Czernidłak kołpakowaty – pospolity i niedoceniany

W ramach opisywania przeze mnie nietypowych potraw na kryzys i przetrwanie w warunkach niedoboru żywności chciałbym Wam pokazać grzyb dość pospolity w parkach i na skwerach miejskich o wszystko mówiącej nazwie czernidłak kołpakowaty. Czernidłak? Dlatego, że młode owocniki tego pieczarkowca kiedy dojrzewają, zaczynają brzydko czernieć a w końcu grzyb ulega rozpuszczeniu.

Grzyby duszone, podane w biały sosie z boczkiem wędzonym. 

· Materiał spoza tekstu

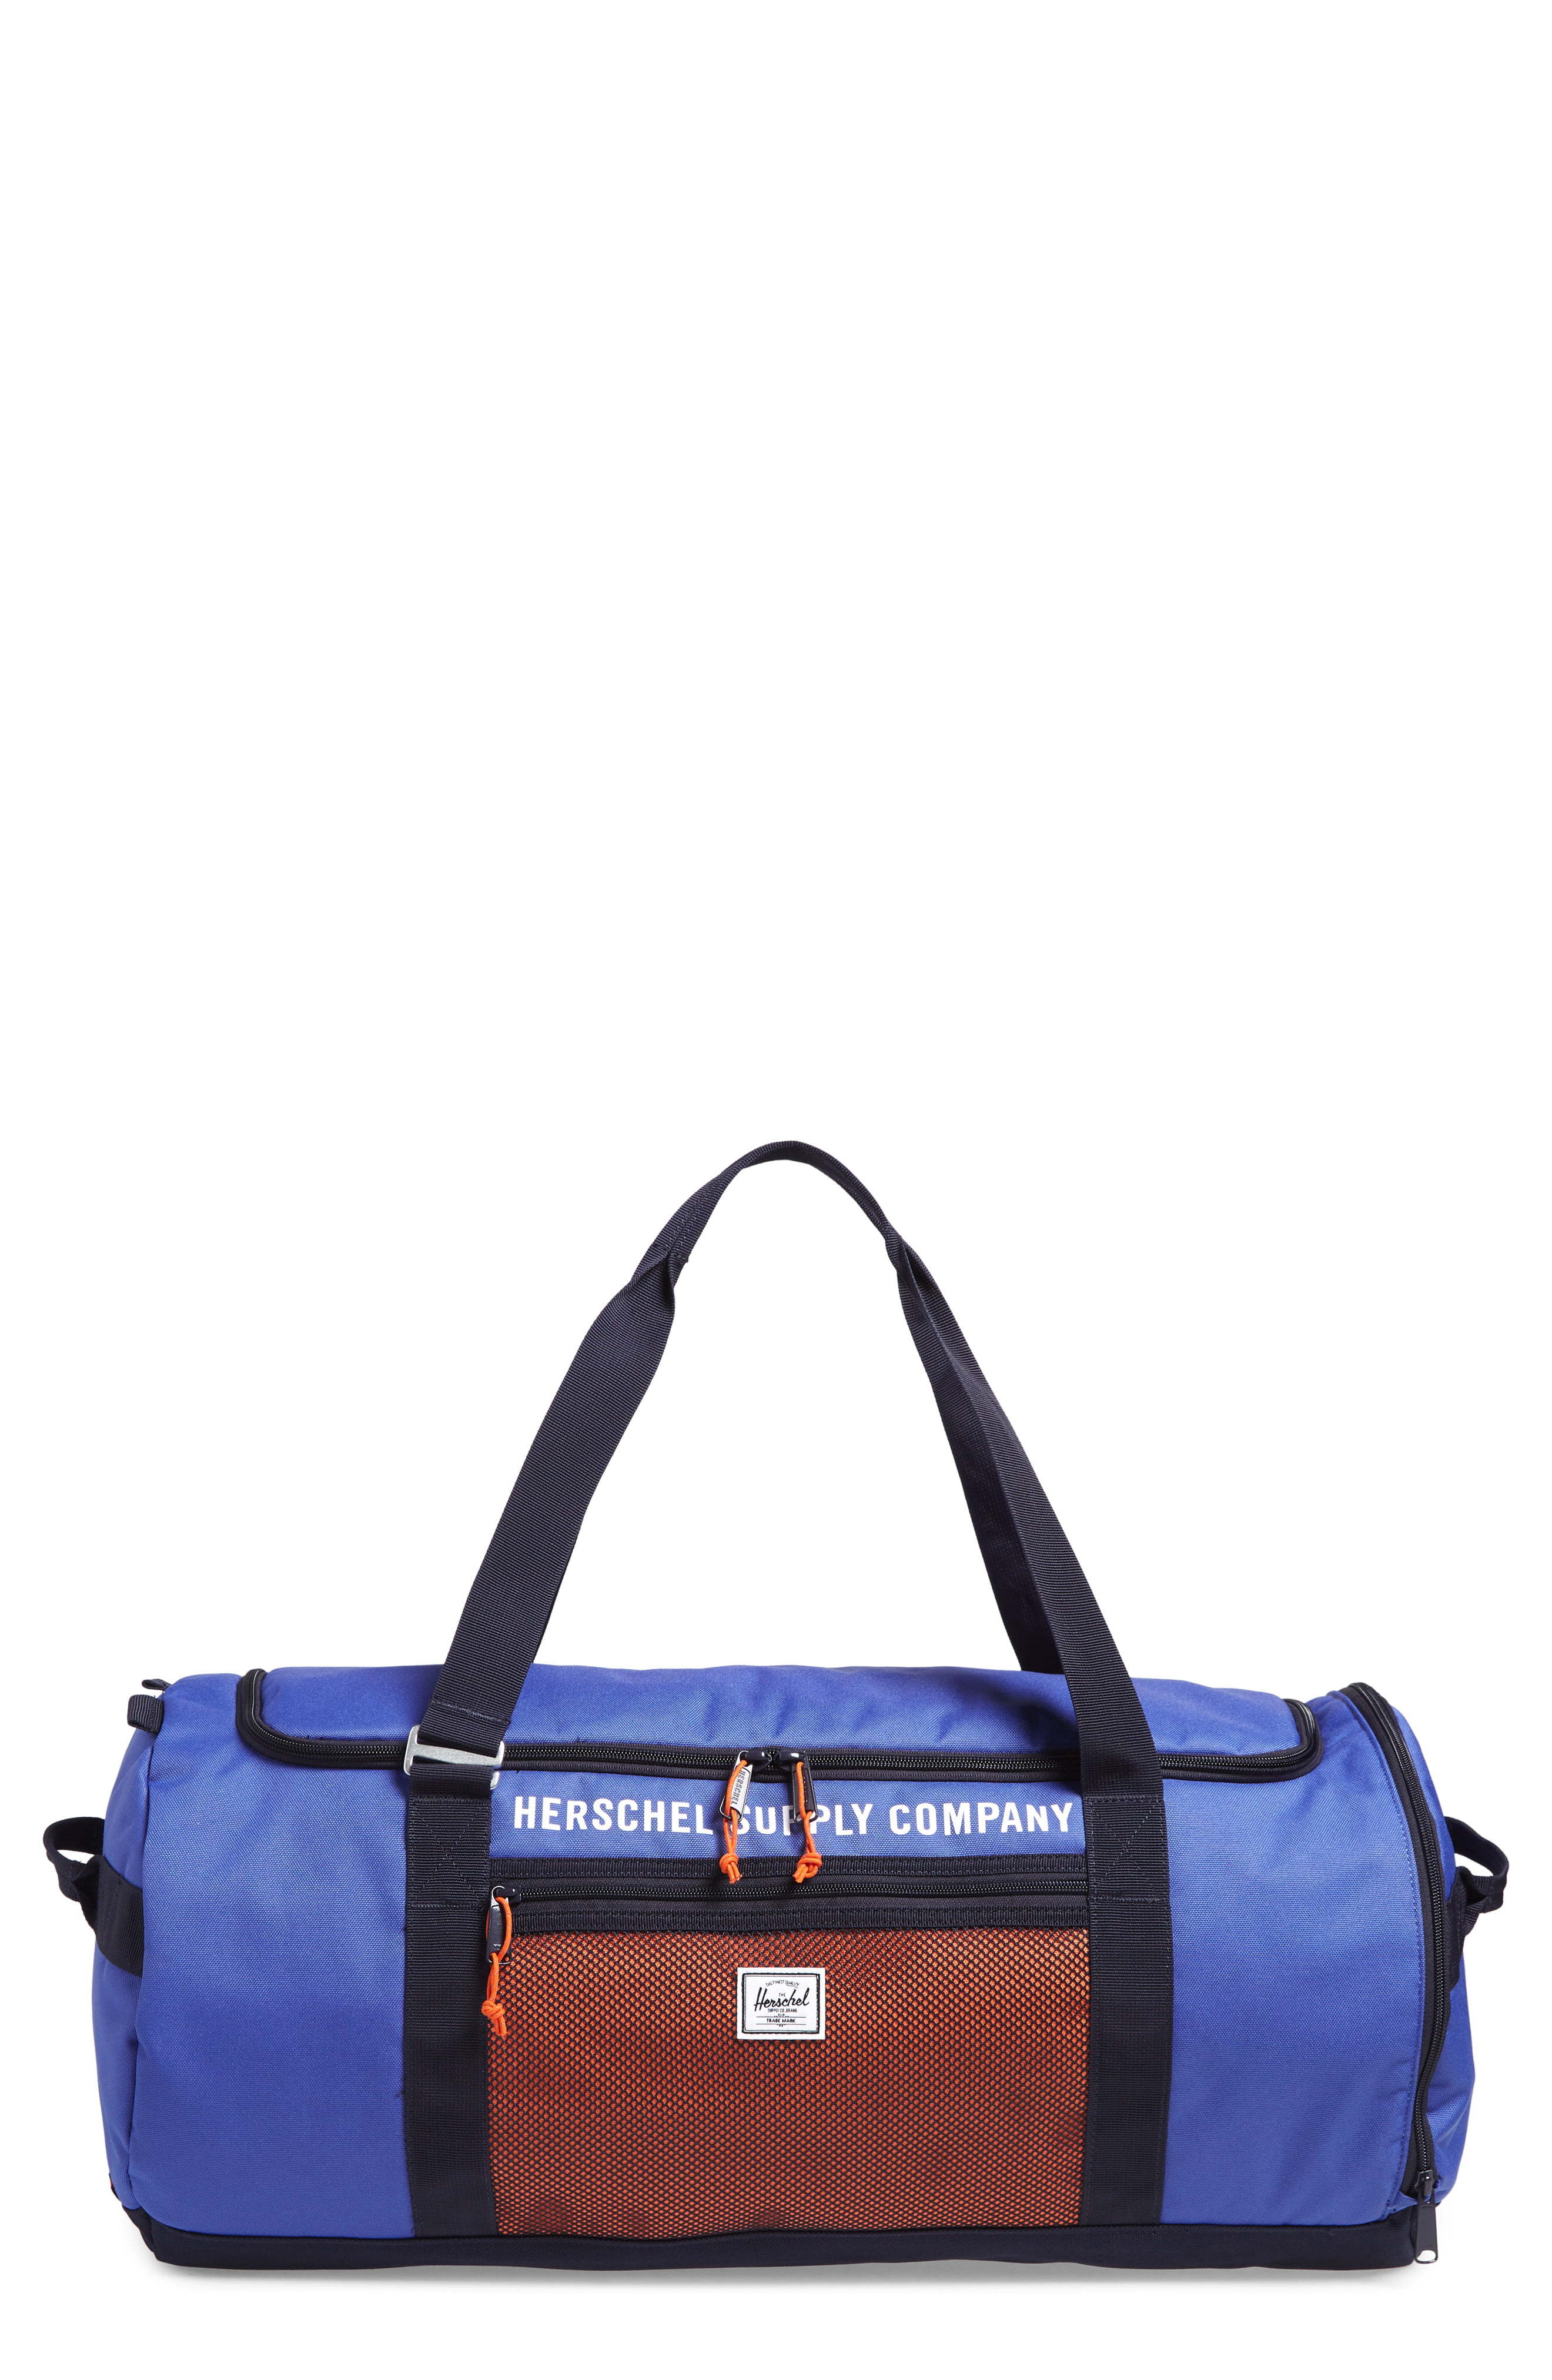 Herschel Supply Co. Sutton Duffle Bag, $53 | Nordstrom | Lookastic

Do fazy czernienia jednak grzyb jest jadalny i bardzo delikatny w smaku. Trudno go też pomylić z czymś innym, rośnie z reguły gromadami a młodym osobnikom towarzyszą rozwinięte, poczerniałe i już rozpuszczające się osobniki (niejadalne). Jeśli macie jakieś wątpliwości – wpiszcie nazwę grzyba w wyszukiwarce i zobaczcie jak wyglądają całe skupiska.

Czy pomyślelibyście, że ten pospolity i niedoceniany przez większość ludzi grzyb jest dobrym składnikiem mojego obiadu?

P.S. Istnieje mit, że czernidłak kołpakowaty nie może być spożywany razem z alkoholem. Jest to pomyłka. Alkohol nie może być spożywany z innym grzybem z tej rodziny, mianowicie z czernidłakiem pospolitym, nie do pomylenia z kołpakowatym, jak dla mnie.